The article, while informative, misunderstands some of the facts surrounding Reedy Creek and Disney's complaint.

He subscribes to the mistaken fact that Disney runs Reedy Creek, rather than Disney elects members. So he equates the bill to removing Disney's governmental function, which is not quite accurate. What the bill did is remove their representation.
 

GrumpyFan

Well-Known Member
He subscribes to the mistaken fact that Disney runs Reedy Creek, rather than Disney elects members. So he equates the bill to removing Disney's governmental function, which is not quite accurate. What the bill did is remove their representation.
Very true, but I don’t recall seeing that this was their primary focus in the suit. Or did I just miss it? Seems this should be a higher priority but I’m not sure exactly what the Florida statute says in this regard. Either it’s a more difficult issue to include in the suit or maybe a round 2 or 3 that the lawyers have planned if this fails. I don’t think it would surprise any of us here to see Disney fire off another suit very quickly if this one fails.
 

RamblinWreck

Well-Known Member
From my completely unprofessional (not a lawyer) view, I agree. The actions by Desantis and the legislature seem egregious and quite clearly targeted retaliation to censor speech. I sincerely hope one or more judges will see it that way.
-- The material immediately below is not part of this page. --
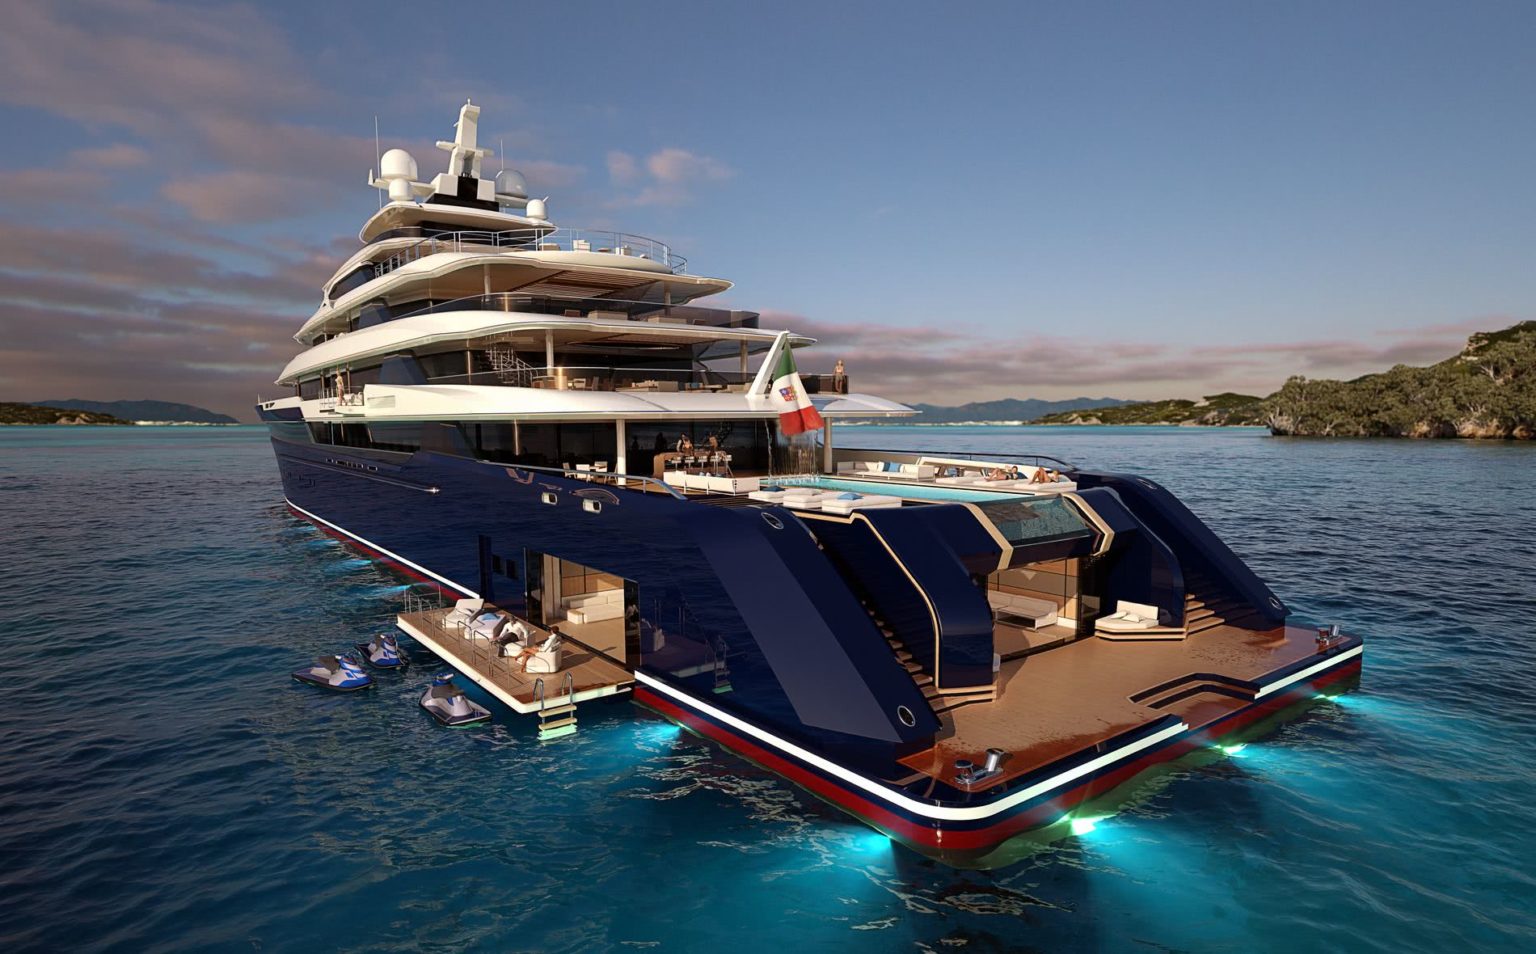 Columbus Classic 120m Motor Yacht a Hydrotec Design

I just wish more people would see it this way as well. Many seem to want to take the other view and punish Disney and their “woke agenda”, and fail to see the danger of a government body being allowed to go after a private business or entity in this way.
It’s all fine when it’s happening to the other guys!

People are very short sighted.
 

mikejs78

Premium Member
I already covered this in other posts and don’t want to keep repeating.
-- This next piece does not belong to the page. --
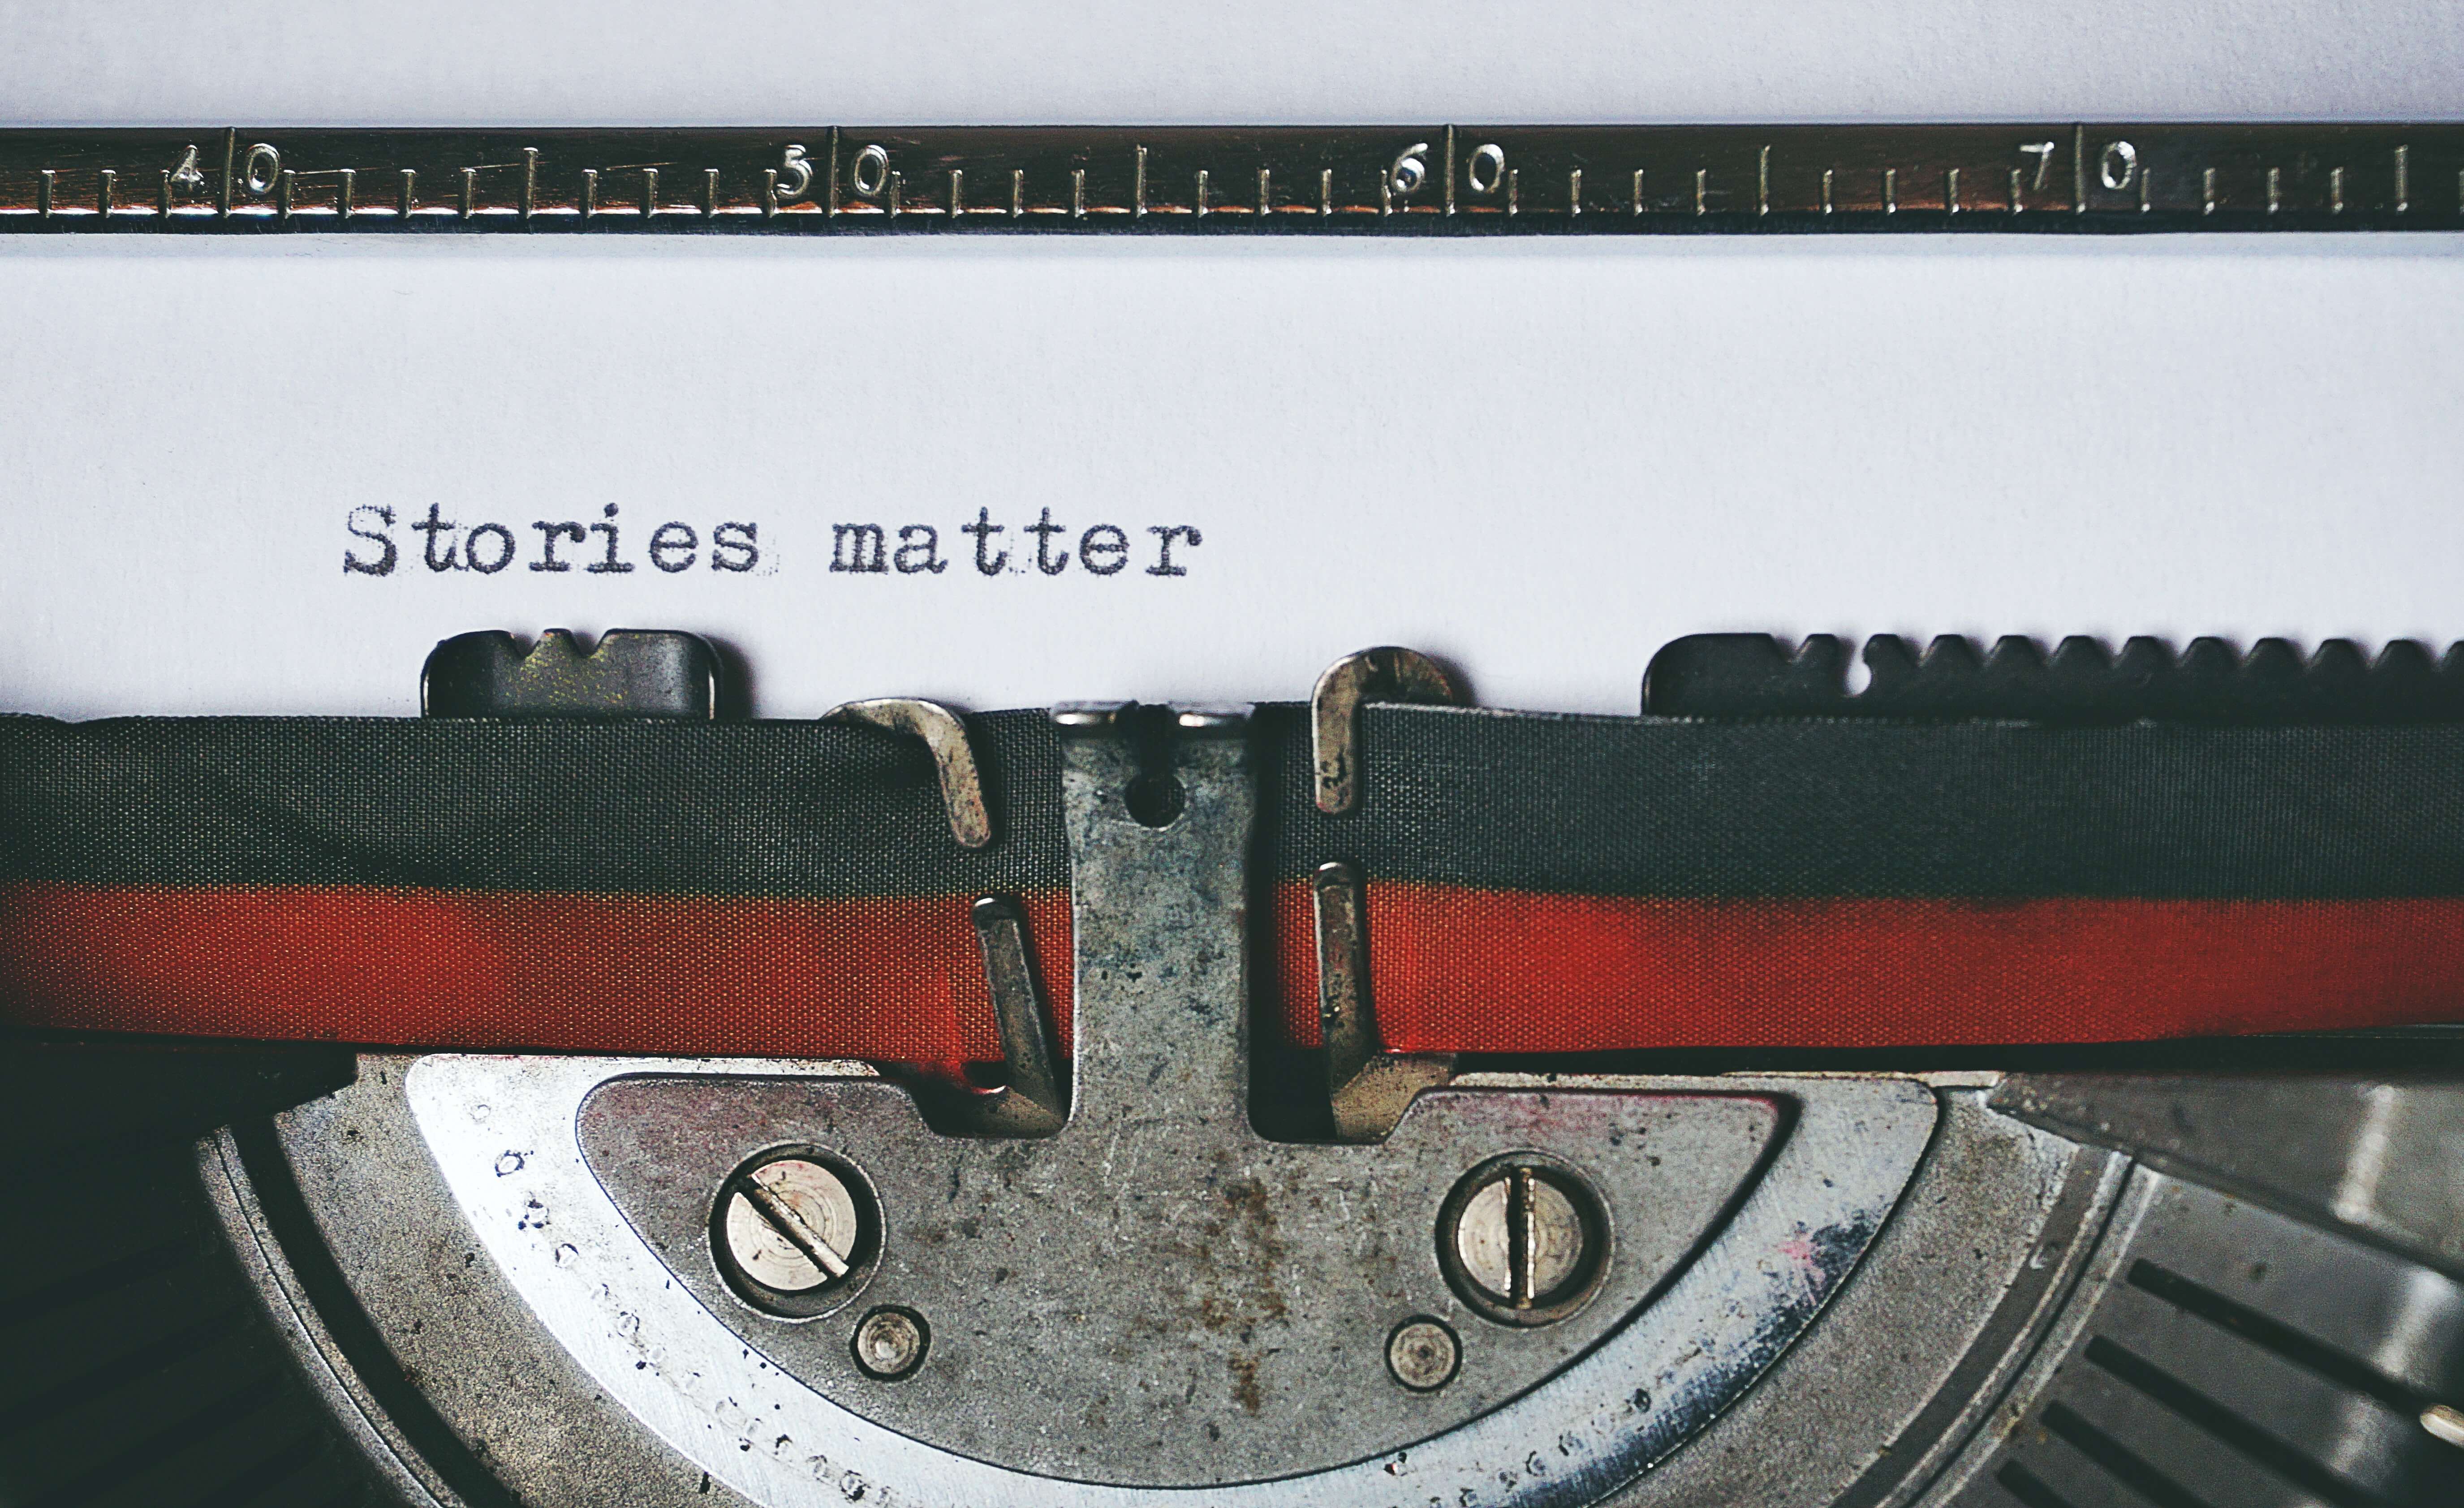 Ouderwetse typmachine typt de tekst stories matter

Things lije clarify the city vs district and other modernizations in 9B…. 4C was targeted at a specific set of districts that peceded the constitution update and still provided a path to revive. I think 4c is harder to argue because it is so generic… where 9b has changes that can be argued as with purpose

The interesting bit about 4C is that it ignored the process set up in state law to remove special districts.